Lo más difícil en cualquier proceso de cambio no es aprender cosas nuevas, si no desaprender lo aprendido y que ya no necesitamos, o que nos está obstaculizando. En este apartado del taller veremos que para comenzar a hacer cosas nuevas debemos soltar lastre y “vaciar el depósito” de aquello que nos entorpezca en nuevos aprendizajes.

Este concepto es clave en consulta o en talleres de desarrollo personal. Las personas suelen preferir aprender cosas nuevas; esto es imprescindible, pero la primera parte, soltar lastre, nos va a allanar el camino de forma determinante.

Pero para ello, querido lector, querida lectora,  en primer lugar realizaremos un ejercicio sincero de aceptación y mejora que quiero proponerte. Como siempre, todo lo que domines tu podrás hacerlo llegar a tus clientes. Utiliza pues estos principios que siguen en tus propias sesiones.

Los siguientes principios nos servirán como comienzo, estarán a la base de lo que vayamos trabajando en los capítulos siguientes y los puedes seguir a modo de mejora constante en cualquier momento de tu vida, ¡vamos a por ellos!:

– Hay etapas en las que es preciso actuar activamente y otras en los que decidimos actuar inactivamente.

Si bien es en la acción activa donde encontraremos el cambio, lo segundo también es importante y significa que consciente y deliberadamente decidimos ser pacientes y esperar un mejor momento para actuar. Así, haremos uso de las condiciones de lugar adecuado, tiempo o momento correcto y gente idónea. No es una excusa para permanecer pasivos si no que se basa en la voluntad de hacerlo bien.

Asumir la responsabilidad de nuestras acciones (activas o inactivas) nos hace libres. Esta responsabilidad personal equivale también a“actuar con responsabilidad”. Ser conscientes del alcance de nuestros actos; aceptar incluso que si el resultado no es el esperado, somos únicamente nosotros quienes debemos corregir, modificar, rectificar los hechos. Somos los únicos responsables de nuestra propia vida.

– El bienestar personal es sinónimo de equilibrio.

Equilibrio entre nuestra parte física, psicológica y espiritual y la atención que dirigimos hacia cada parte. Los problemas psicológicos, físicos o sociales comienzan cuando prestamos una atención exagerada hacia unos de estos aspectos y descuidamos el resto.

centrarse en el hoy

Todo lo que esperas está más allá de tu zona de confort: ¡verdad verdadera!

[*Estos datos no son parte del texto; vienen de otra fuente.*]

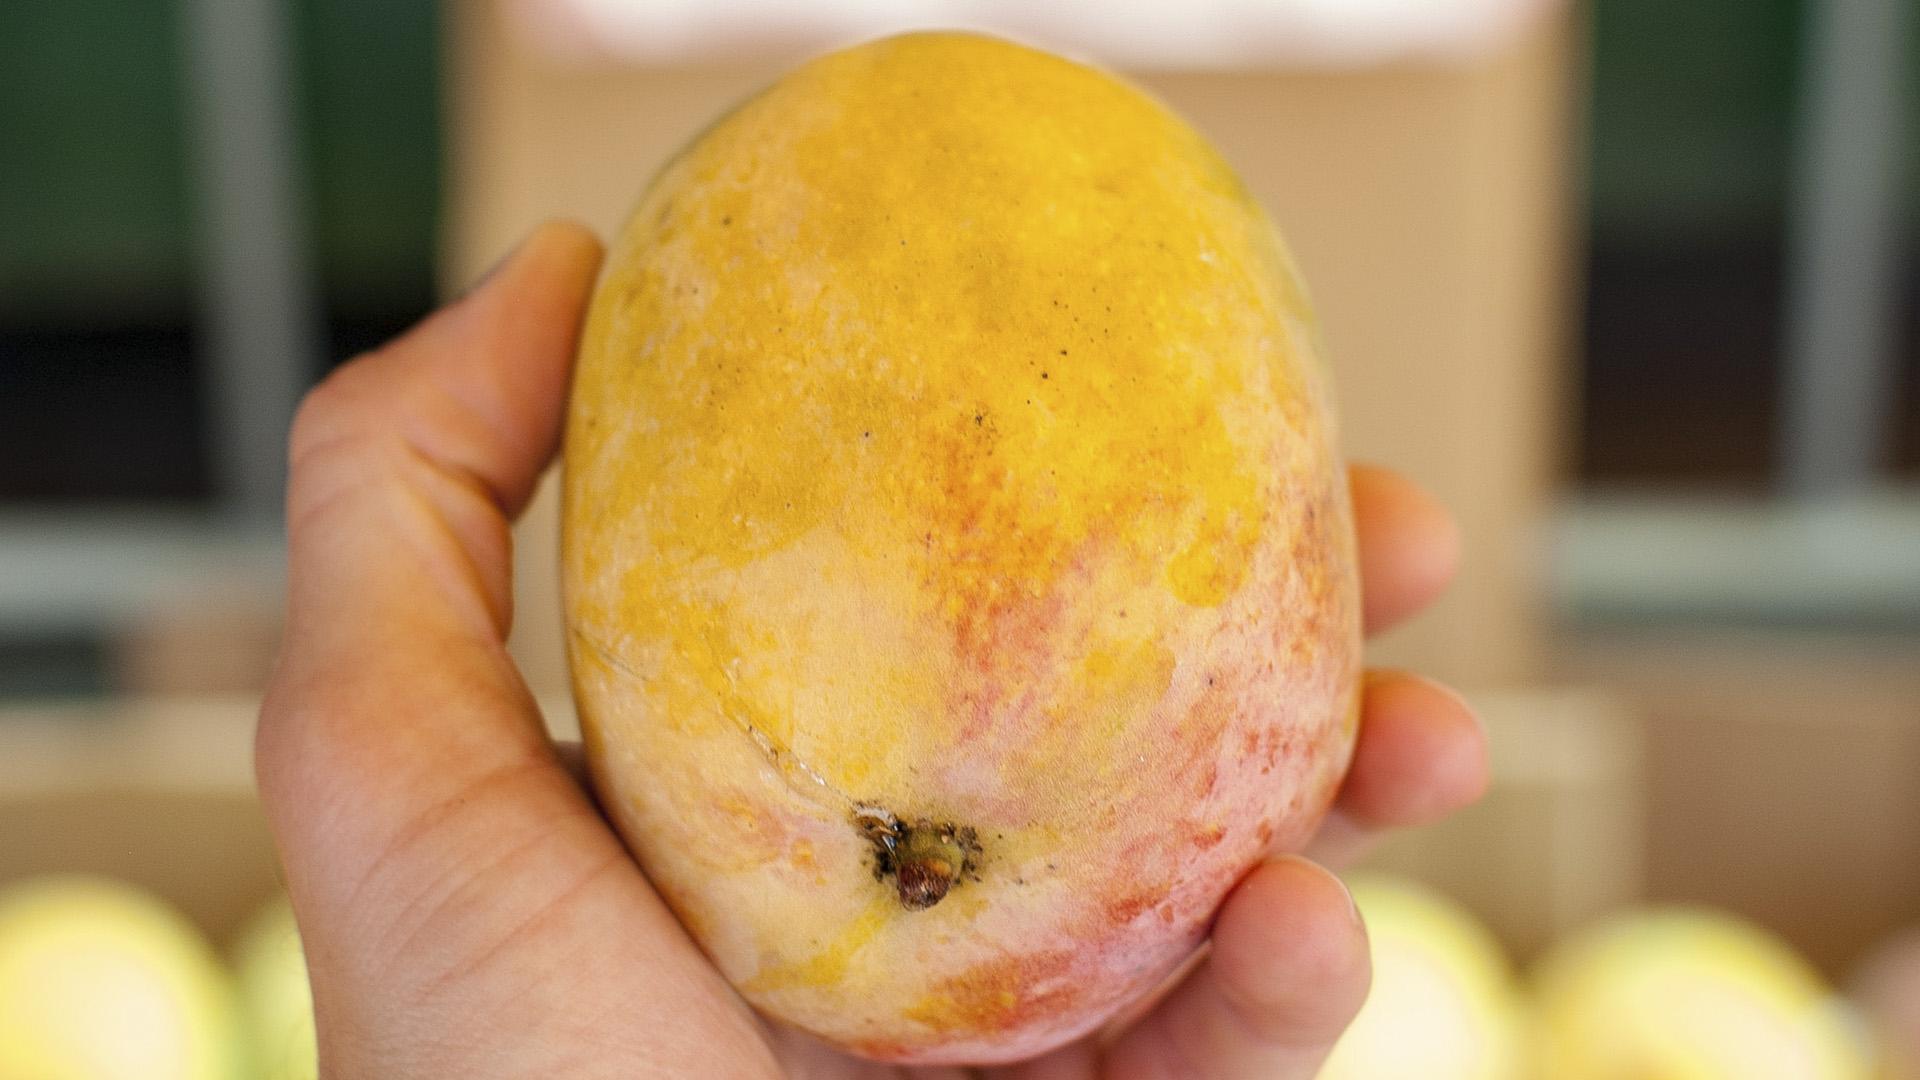 Two Brothers Grow World's Heaviest Mango Variety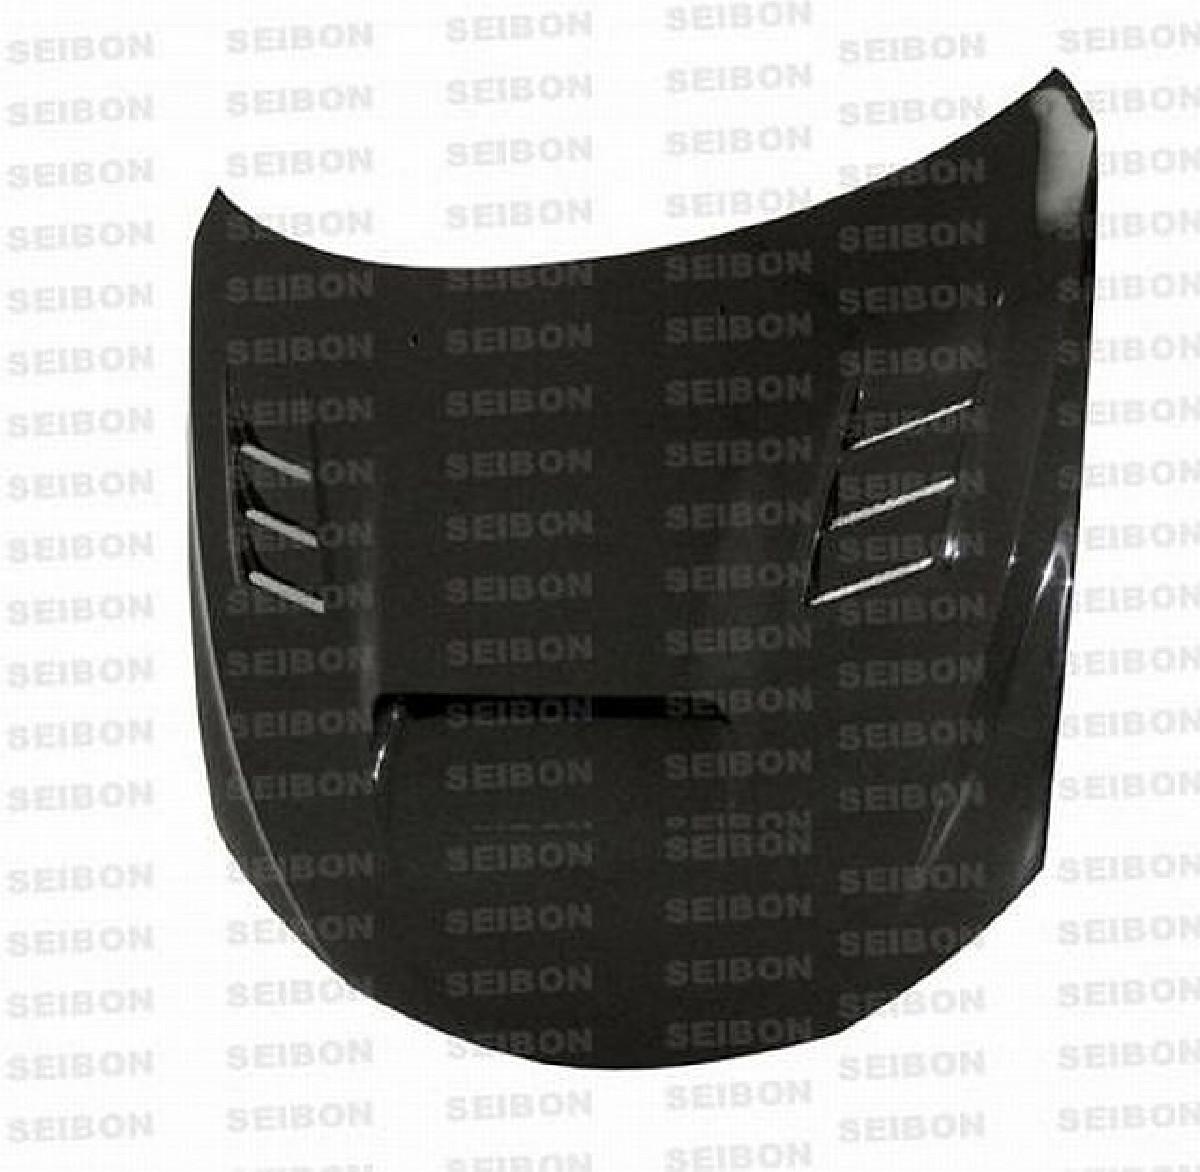 Seibon CW Carbon Motorhaube Subaru Impreza WRX/STI 07-

El ser flexibles en nuestro comportamiento y en nuestra conducta evita que nos estanquemos.

La flexibilidad no es dejarse llevar por las circunstancias. Esta es una cualidad que permite doblarse cuando lo conveniente es doblarse, y estar erguido cuando es lo necesario. Bien conocida es la metáfora del árbol que más resistencia tiene a las tormentas; este no es el de tronco más grueso o ancho, si no el más flexible. Y, por cierto, esto es lo que define mejor a las personas que he visto que más progresan en mi consulta.

Si tú no lo haces, otros controlarán tu propia vida por ti.

Recibimos constaaantes estímulos por parte de los medios de comunicación y de la publicidad sobre lo que está bien y lo que está mal, sobre lo que es deseable o no. Igualmente podemos referirnos en vez de a ese círculo social amplio al más cercano, como nuestra familia o amigos. Hasta que la persona no decida concederse la libertad emocional de ser ella misma y cortar con muchas influencias de la sociedad, no podrá tener por completo el control de su vida.

Lo que da forma a nuestra personalidad no es lo que hacemos de vez en cuando, si no lo que hacemos de forma consistente y sistemática.

La repetición y la persistencia acaba siendo la clave del éxito. El cerebro se acostumbra a los cambios con cierta rapidez pero es necesario insistir mientras tanto en la práctica. Somos animales de hábitos e igual que adquirimos hábitos malos (fumar, comer en exceso, criticar por criticar) podemos adquirirlos buenos (nadar tres veces por semana, comer abundante fruta y verdura, adquirir un estilo de comportamiento asertivo, etc.).

Una vez conocidos estos principios generales que nos servirán de guía, pasemos a fijarnos en aquellas causas que en el pasado puedan habernos llevado a provocarnos infelicidad (¡recordemos lo de desaprender lo aprendido!).

¿Te identificas con alguno de los pensamientos siguientes en cursiva? Puedes anotarlos en tu cuaderno de cambio si así lo deseas. Bajo cada enunciado encontrarás una breve explicación que rebate ese argumento de infelicidad:

Infelicidad Byroniana. Aquella postura ante la vida que sólo concede valor intelectual a la desdicha y al pesimismo – estar deprimido y enfadado con el mundo. Nada sirve para nada y nos rodea la tragedia.

El mundo es neutro – el mundo es, y punto-, y tan acertado o equivocado es considerarlo enteramente terrible o completamente paradisíaco. Siempre habrá cosas buenas y cosas malas en él, y dependerá de cómo y cuándo las percibamos nosotros. La pregunta es ¿podemos educar la forma de percibirlo?

Competencia. Para ser alguien en la vida debemos ser mejores que los demás. Ser ambicioso y buscar el éxito por encima de todo y todos es bueno. Los otros son adversarios y competidores.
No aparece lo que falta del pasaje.